Another fun bit of debugging
By joe
- 2 minutes read - 361 wordsOk … so here you are doing a code build. Your environment is all set. You have ample space. Lots of CPU, lots of RAM. All packages are up to date. You start your make. You have another window open with dstat running, just to kinda, sorta watch the system, while you are doing other things. And while you are working, you realize dstat has stopped scrolling. Strange, why would that be. Ping the machine Not responding. Ok … hmmm … it crashed? Look in the BMC SEL (our kernel dumps panic messages there). Nothing. Look at the system condition … overheating? Heck no, its actually running cool. Hmmm…. Ok. Maybe something spurious. Connect up the SOL console, watch it finish booting. Iterate. Log in 2 windows. Start dstat in one, build in another. … and … bang … Hmmm … nothing on the console … Ok, hook up icl (ipmi console logger) to it.

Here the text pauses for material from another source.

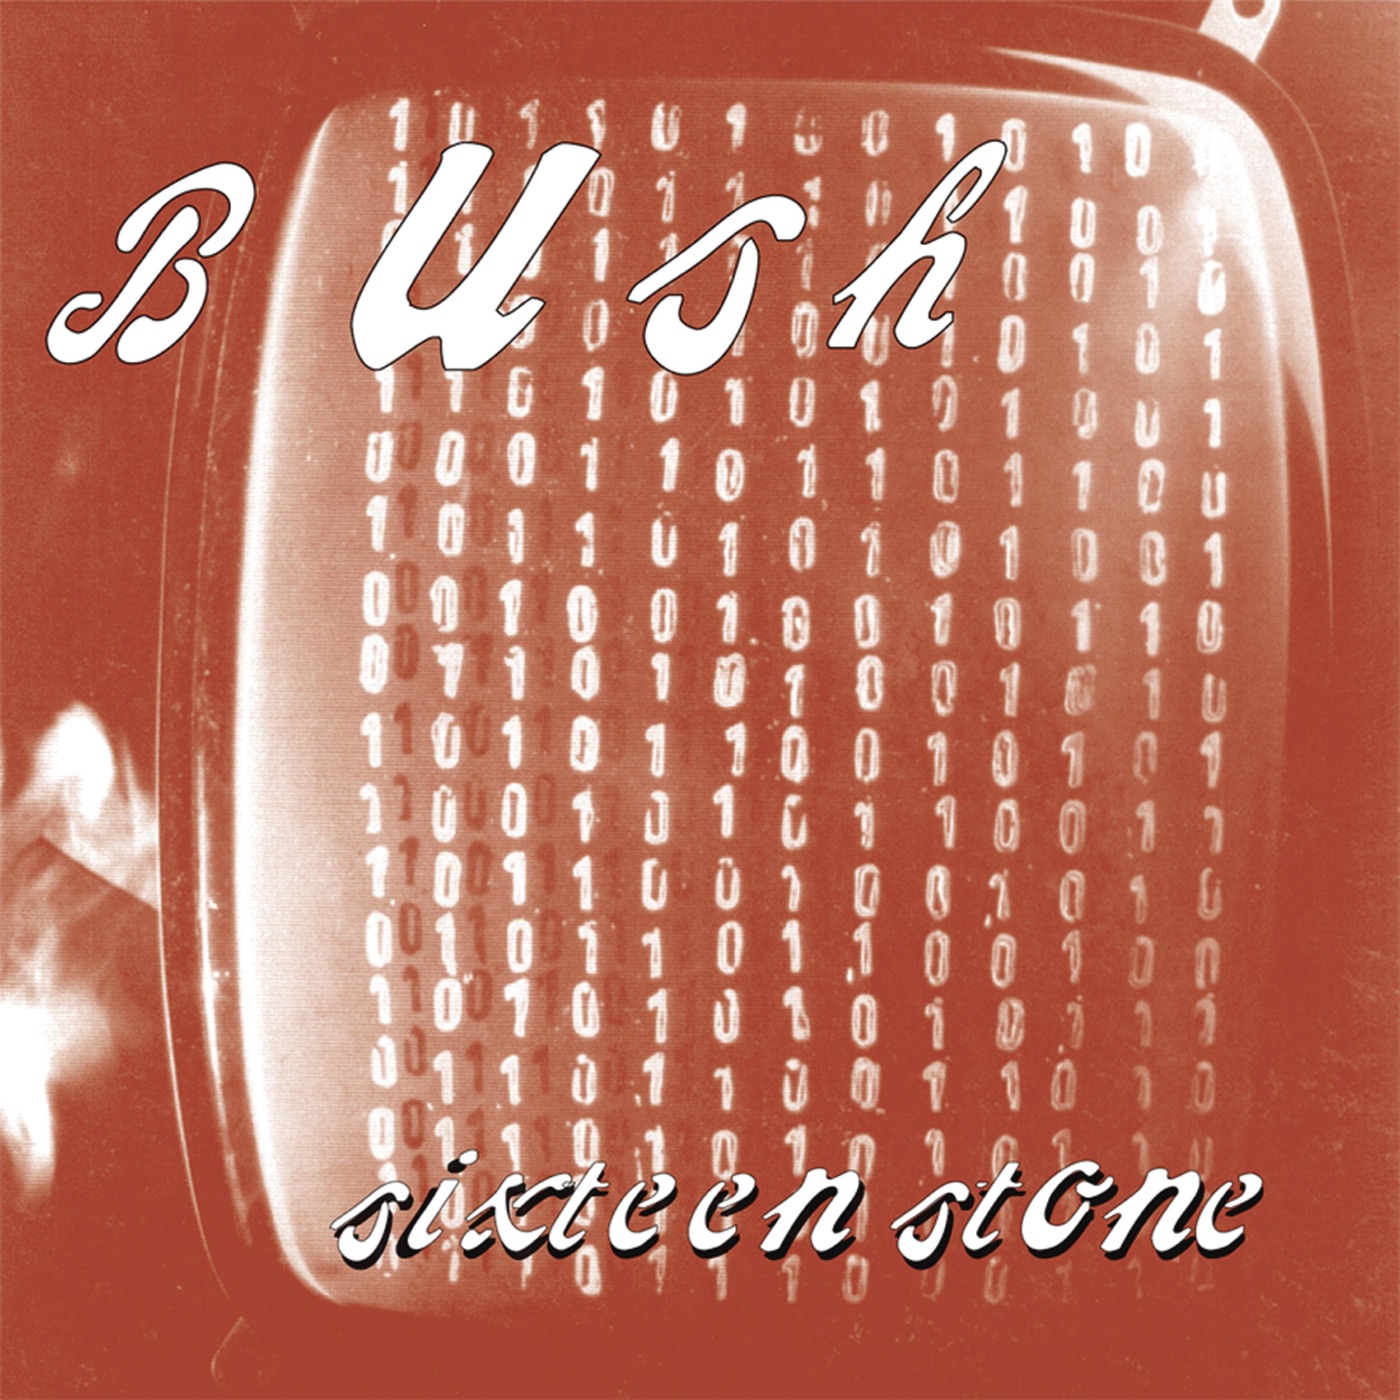 Sixteen Stone (Remastered) by Bush
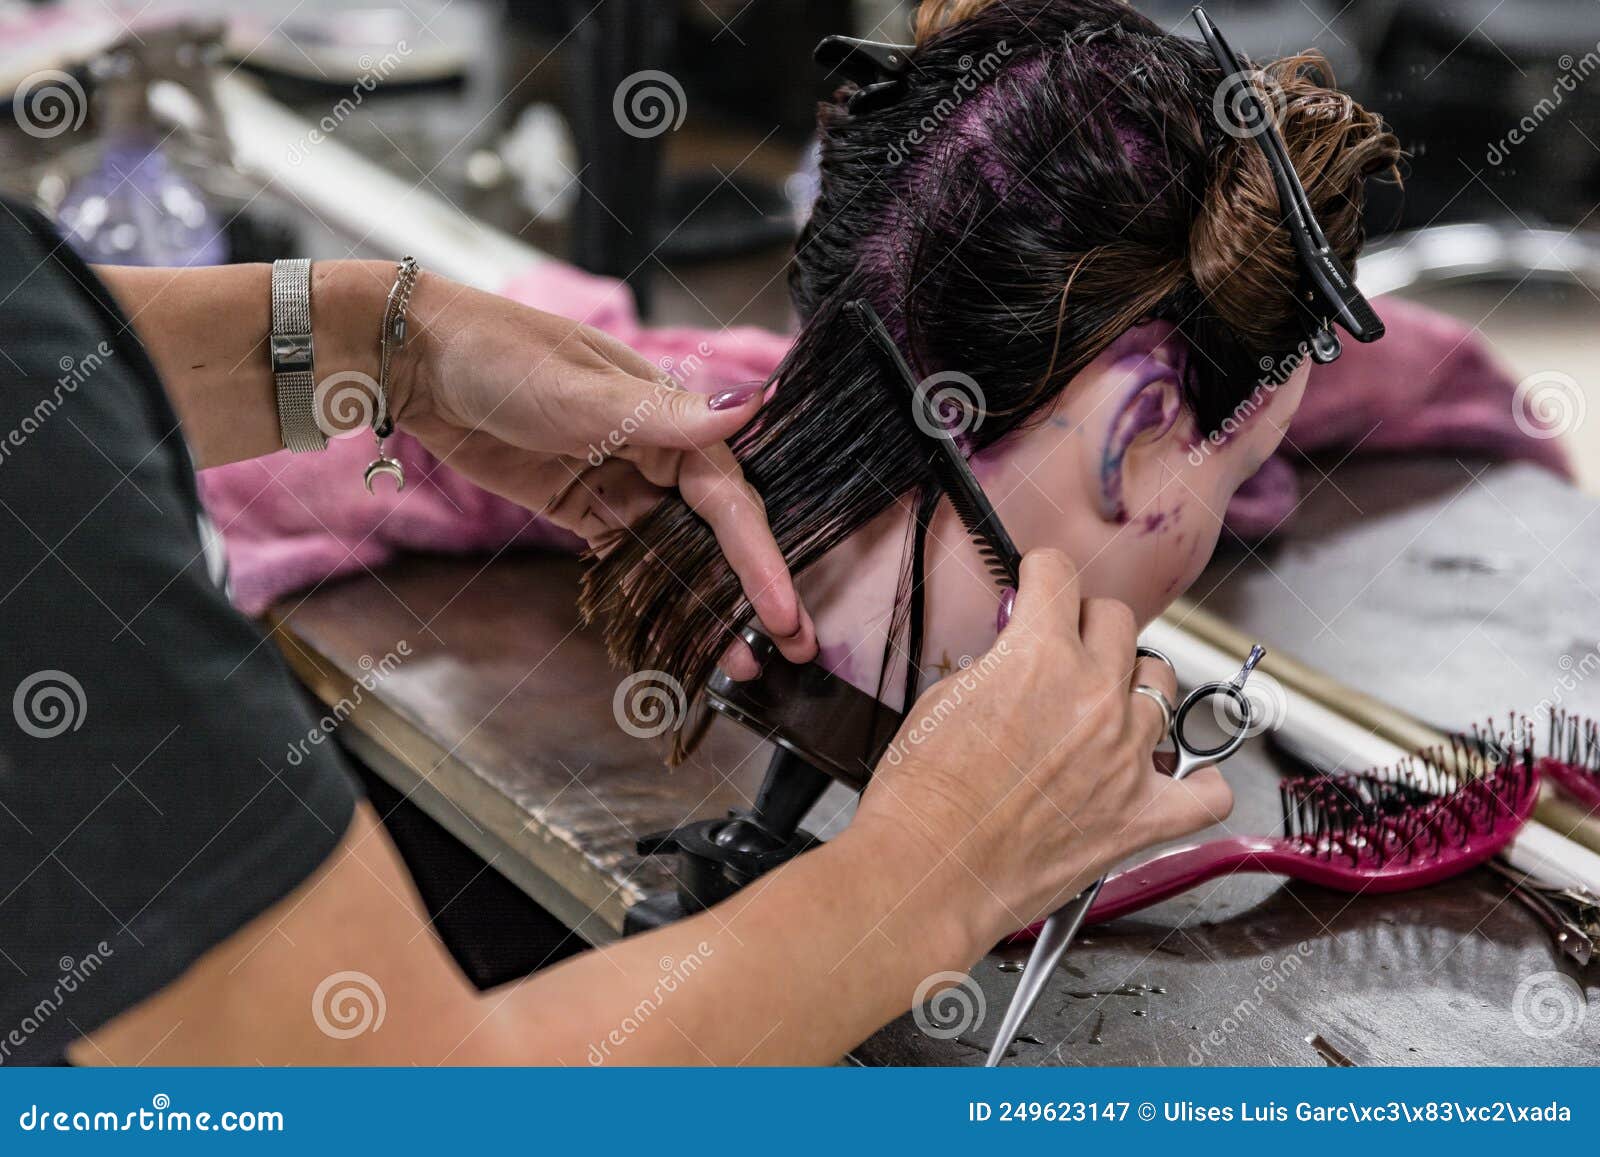 professional hairdressing training academy

Capture the data. Lets see what is really happening. Rinse repeat. Bang. Look in the log (ipmi console log that is, it will have everything). Nope, completely blank. /var/log/{syslog,messages} Nothing. Only happens under load? Could I have a blown CPU? I did see an EDAC memory error crop up once … ok, lets try something stupid. Something that should not work. Drop the memory frequency to lowest speed. Nope. Turn off SMT (aka HT). Nope. Ok, lets go full moron, and assume hardware is the culprit, and is somehow … somehow not triggering an MCE or EDAC subsystem. Let me remove 1/2 the memory. Why not. Can’t hurt, easy to see it it works, right? Start the build. Works. Do two intensive builds at once. Works. Do 3. Works. smh. This is new memory, older board, older CPUs. Never given me a problem before. Crashed with no message whatsoever. I am going to assume something like a loading issue with the CPU. I can run this at 1/2 the ram, though I’ll probably put 1/2 of what I took out back in to check, and see if its a bad RAM, or a loading problem. Bad RAM should have triggered EDAC/MCE. Loading problem … maybe not.